China Passes Controversial Hong Kong Law Despite US Opposition

Kyle Forrest
Essential Millennial
2 min readJul 1, 2020

China has passed a national security law for Hong Kong, which will undermine the region’s autonomy, in the face of staunch criticism from the international community and the United States in particular.

The law, approved by The Standing Committee of the National People’s Congress will criminalise foreign interference, subversion and secession. Effectively, it has been designed to quash protests and activism against Beijing’s attempts to erase the firewall between the semi-autonomous region and mainland China’s authoritarian, communist system.
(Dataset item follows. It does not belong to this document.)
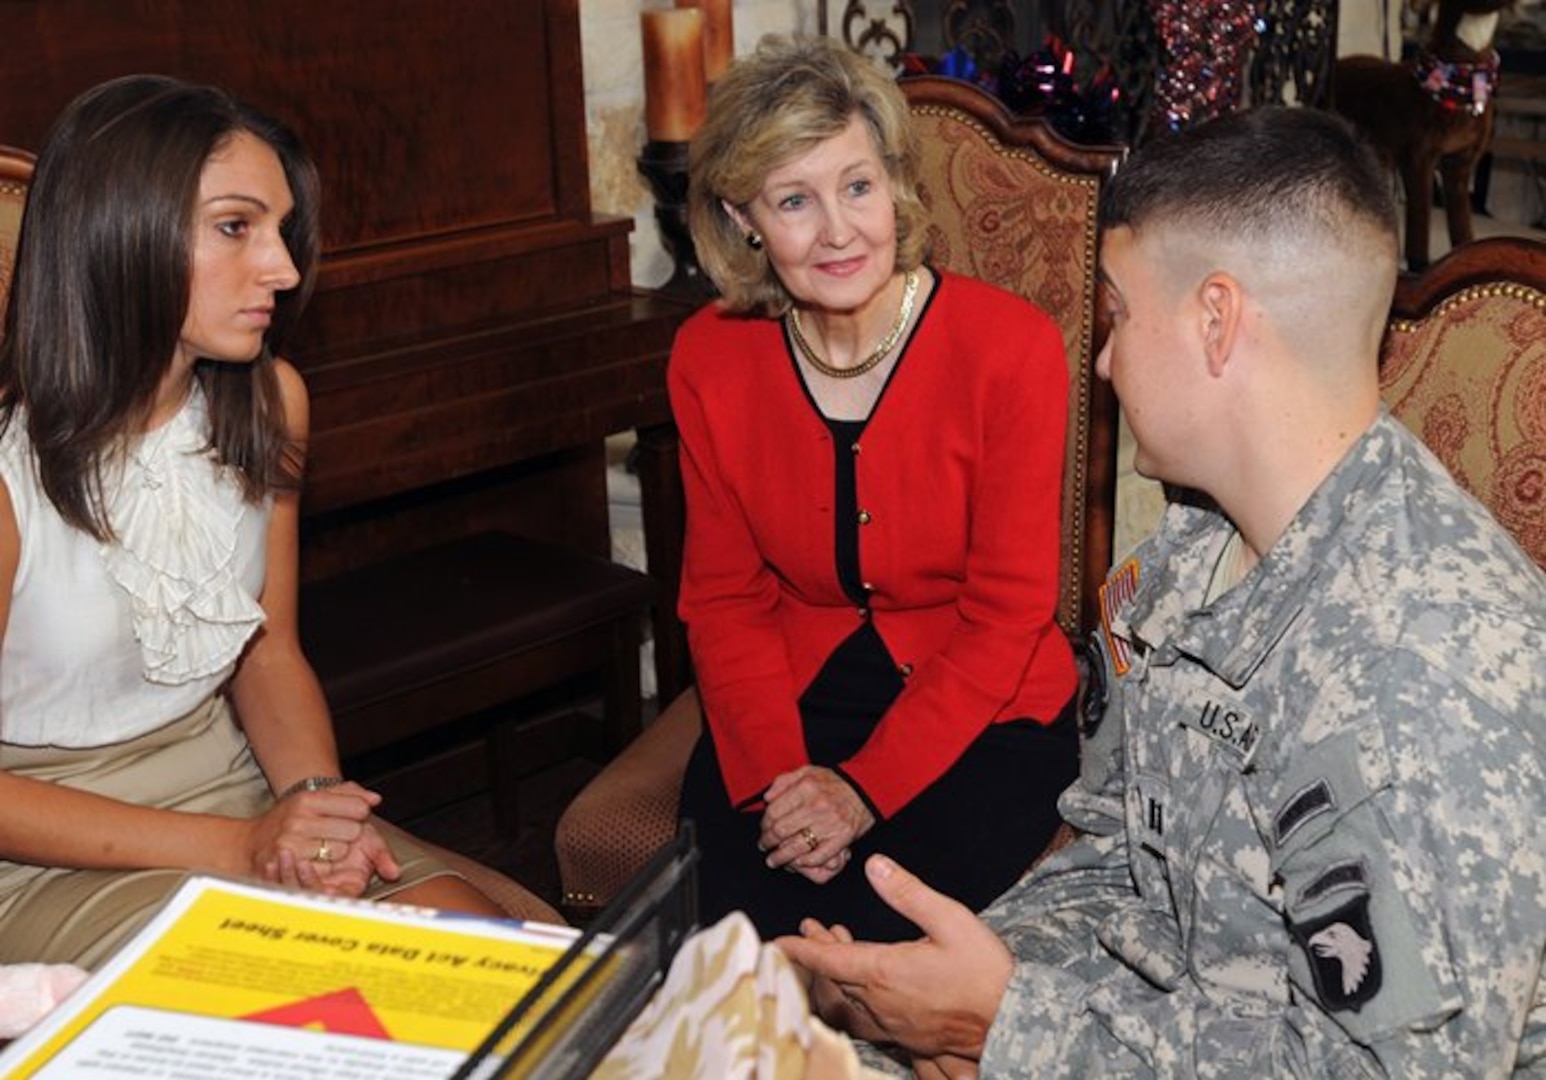 FORT SAM HOUSTON, Texas — Sen. Kay Bailey Hutchison of Texas (center) meets with Capt. Larkin O’Hern, a triple-amputee, and his wife, Rachael, during a July 2 visit to the Warrior and Family Support Center. O’Hern, who is working as a planner at U.S. Army North, told the senator about his desire to work in the Army Congressional Fellowship program. O’Hern was injured after an improvised-explosive device detonated while he was conducting a dismounted patrol in Kandahar, Afghanistan, New Year’s Eve 2010. (U.S. Army photo by Staff Sgt. Keith Anderson, Army North PAO)

It would also legislate that damage to government property, arson and other protest measures like those that were seen throughout Hong Kong in recent months will be considered acts of terrorism.

“We hope the law will serve as a deterrent to prevent people from stirring up trouble,” said Tam Yiu-Chung, Hong Kong’s sole representative on the Standing Committee, according to . “Don’t let Hong Kong be used as a tool to split the country.”

The law, which was only quietly passed by 11 p.m local time, where it was published and took effect immediately, has faced a mountain of criticism from the international community, including international human rights organisations and United States Secretary of State, Mike Pompeo, who said that Hong Kong will no longer be given special trade privileges that only exist due to the “one country, two systems” arrangement.

“We are ending defense and dual-use technology exports to the territory,” Pompeo said, according to The Hill. “PerPresident Trump’s instruction, we will eliminate policy exemptions that give Hong Kong different and special treatment, with few exceptions.”

The US will also impose travel restrictions on Hong Kong, after President Xi Jinping signed a presidential order promulgating the law shortly after the panel passed it. China responded to the travel restrictions with several of their own for US travellers.

The legislation is the latest development in anti-government protests against China that have been occurring in Hong Kong for months, where activists have called on lawmakers to withstand attempts to undermine the region’s autonomy, granted under the 1997 British handover of Hong Kong.